Dwight Eisenhower managed sustained productivity across decades, not just weeks or months. He served as Supreme Commander of Allied Forces in WWII, planning and executing invasions of North Africa, France, and Germany. He then became the first Supreme Commander of NATO, President of Columbia University, and finally served two terms as President of the United States, launching NASA, DARPA, and the Interstate Highway System. Throughout, he maintained hobbies like golfing and oil painting.
Programmer and author Kevlin Henney articulated the principle 'There is no code faster than no code' -- meaning the fastest way to execute something is to not execute it at all. Clear applies this directly to personal productivity: the fastest way to get something done is to decide it should not be done. This reframe challenges the assumption that productivity means doing more, arguing instead that the highest form of productivity is doing less of the wrong things.

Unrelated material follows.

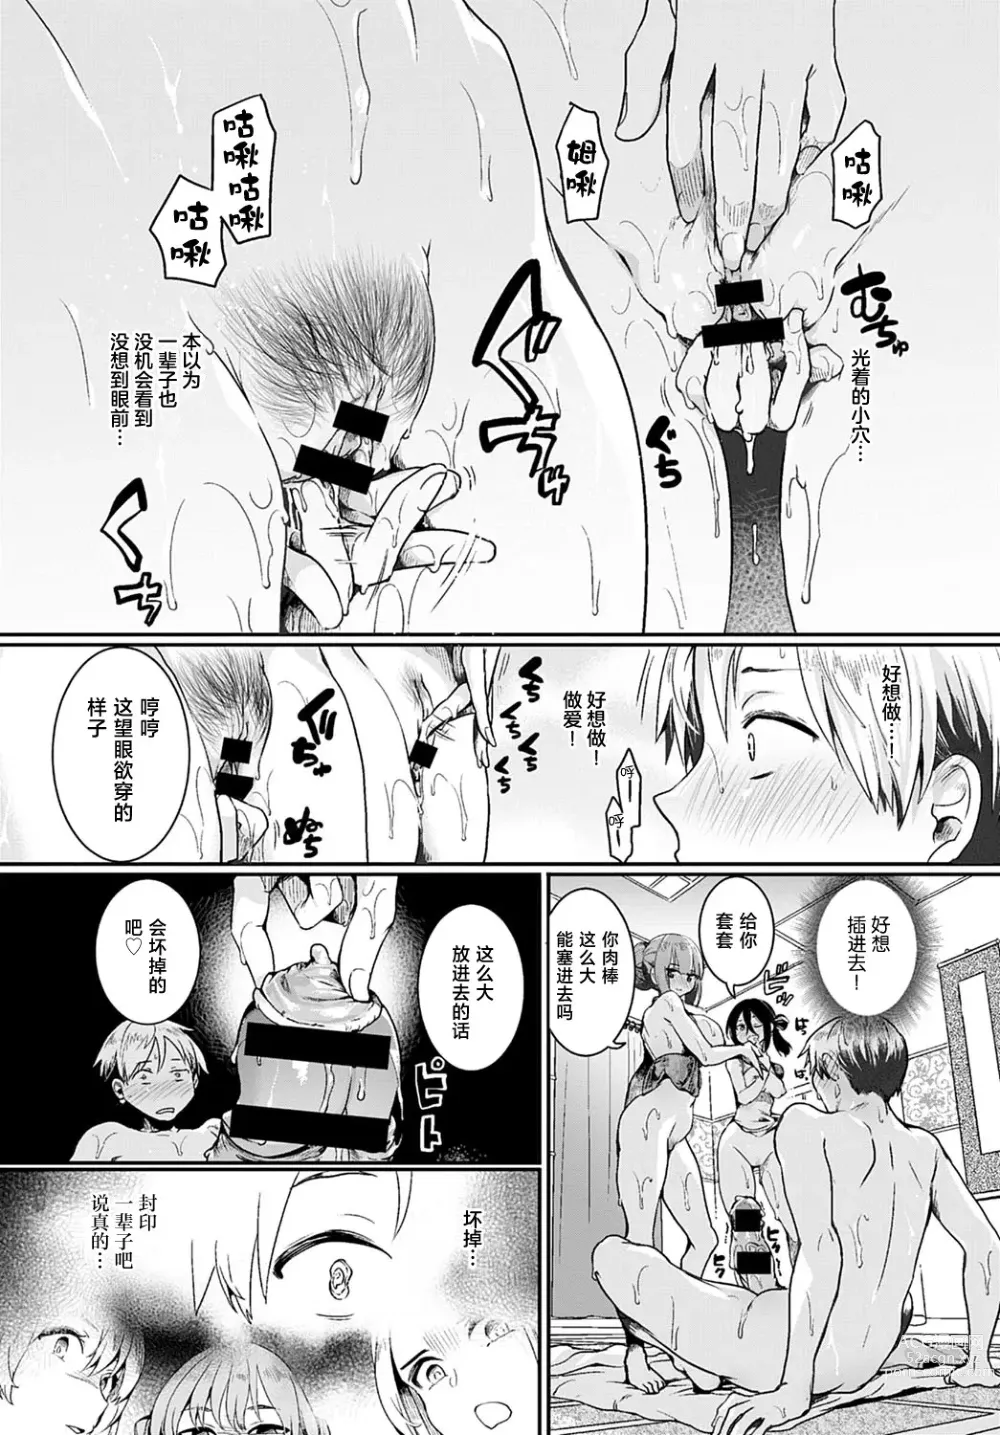 Page 17 of manga 小区里的男士美容店

Dwight D. Eisenhower lived one of the most productive lives in American history. He served as the 34th President for two terms, launched DARPA (which led to the internet), NASA, and the Interstate Highway System, served as Supreme Commander of Allied Forces in Europe during WWII, was the first Supreme Commander of NATO, and served as President of Columbia University -- while pursuing hobbies like golfing and oil painting. His famous quote -- 'What is important is seldom urgent and what is urgent is seldom important' -- became the foundation for the Eisenhower Box. James Clear adapted the framework with a modern emphasis on elimination, adding the programming principle from Kevlin Henney and Tim Ferriss's observation about busyness as lazy thinking. Brett McKay of The Art of Manliness further popularized the distinction between urgent and important tasks.